Judge of the Commonwealth Court of Pennsylvania
- Appointed by: Governer Dick Thornburgh
- Preceded by: James S. Bowman
- Succeeded by: Sandra Schultz Newman

Personal details
- Born: May 24, 1924 Allentown, Pennsylvania
- Died: November 9, 2015 (aged 91)
- Party: Republican
- Alma mater: University of Pennsylvania Columbia Law School

= Madaline Palladino =

American judge (1924-2015)

Madaline Palladino (May 5, 1924 – November 9, 2015) was an American lawyer and jurist who served as a judge of the Pennsylvania Commonwealth Court. Palladino was the first Republican women elected to a statewide office in Pennsylvania.

== Early life and education ==
Palladino was born in Allentown, Pennsylvania on May 24, 1924, to Italian immigrants Joseph and Angelina Palladino. She graduated as salutatorian of Allentown High School in 1941. Palladino attended the University of Pennsylvania, and earned her law degree from Columbia Law School.

== Career ==
Palladino practiced law for over 30 years in Lehigh County, where it was erroneously claimed that she was the first female lawyer in the county.

Palladino joined the staff of District Attorney George Joseph in 1960, making her the first female assistant district attorney in Lehigh County. Palladino was also the first female assistant solicitor for the City of Allentown.

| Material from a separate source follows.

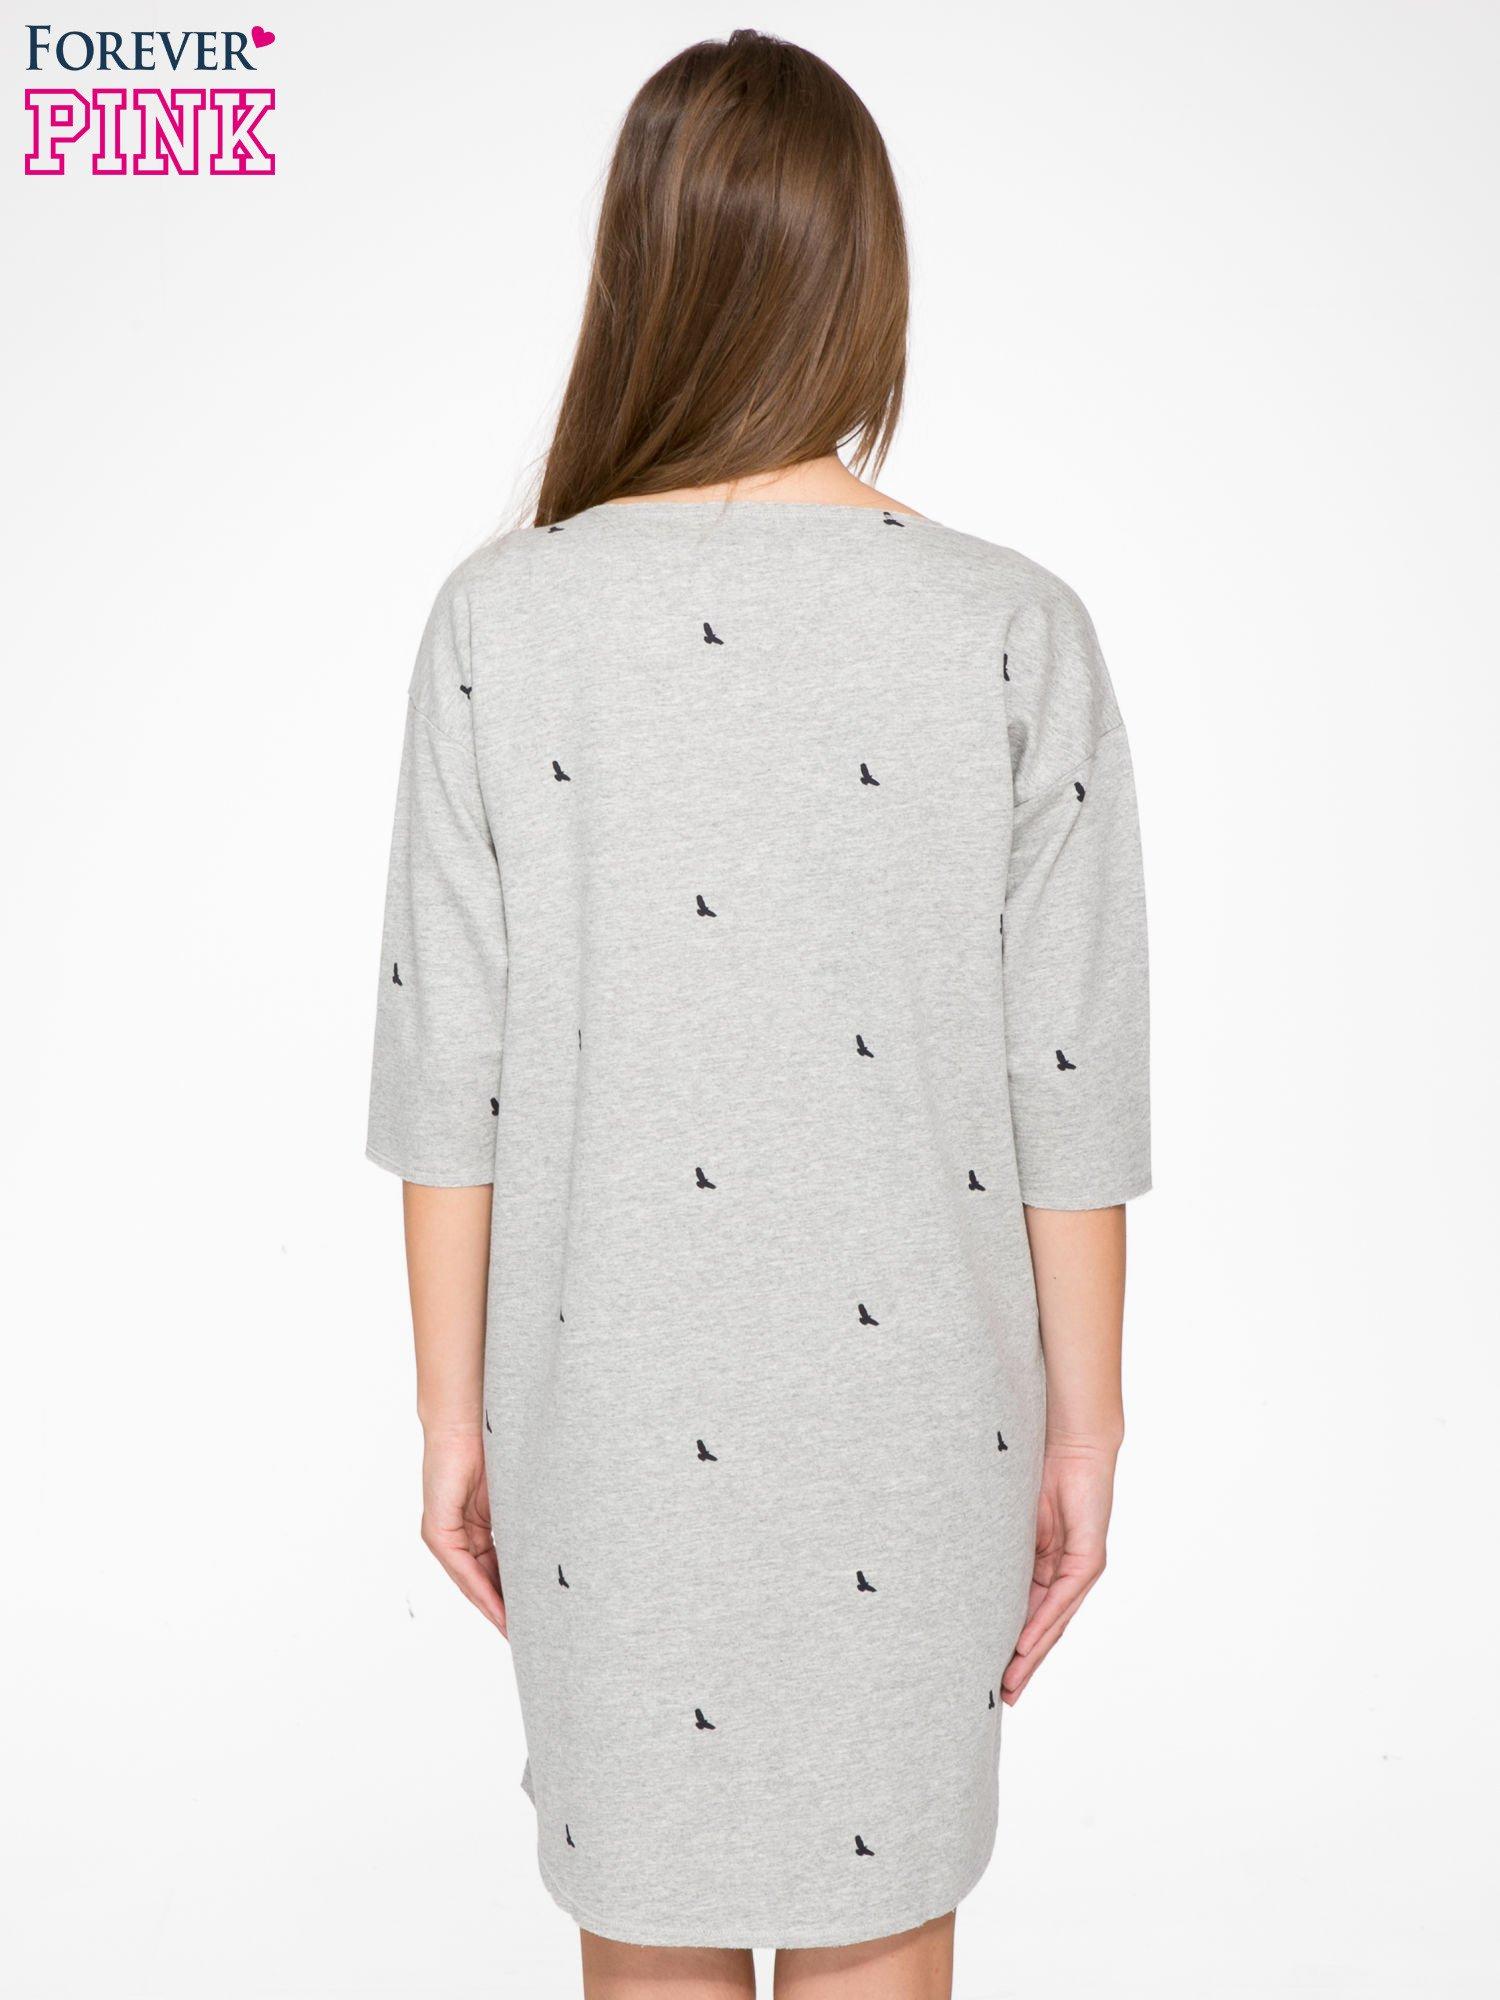 Szara sukienka oversize we wzór w ptaszki                                  zdj.                                  4

In October 1980, Palladino was appointed to the Pennsylvania Commonwealth Court by Governor Dick Thornburgh following the death of President Judge James S. Bowman. Palladino served until January 1982, when she was replaced by former state representative Joseph T. Doyle. She was reelected for a ten year term in 1983, and served until January 1994. She was succeeded by Sandra Schultz Newman.

Following her retirement, the Lehigh County Board of Commissioners voted to rename the gold courtroom of the Old Lehigh County Courthouse in Palladino's honor.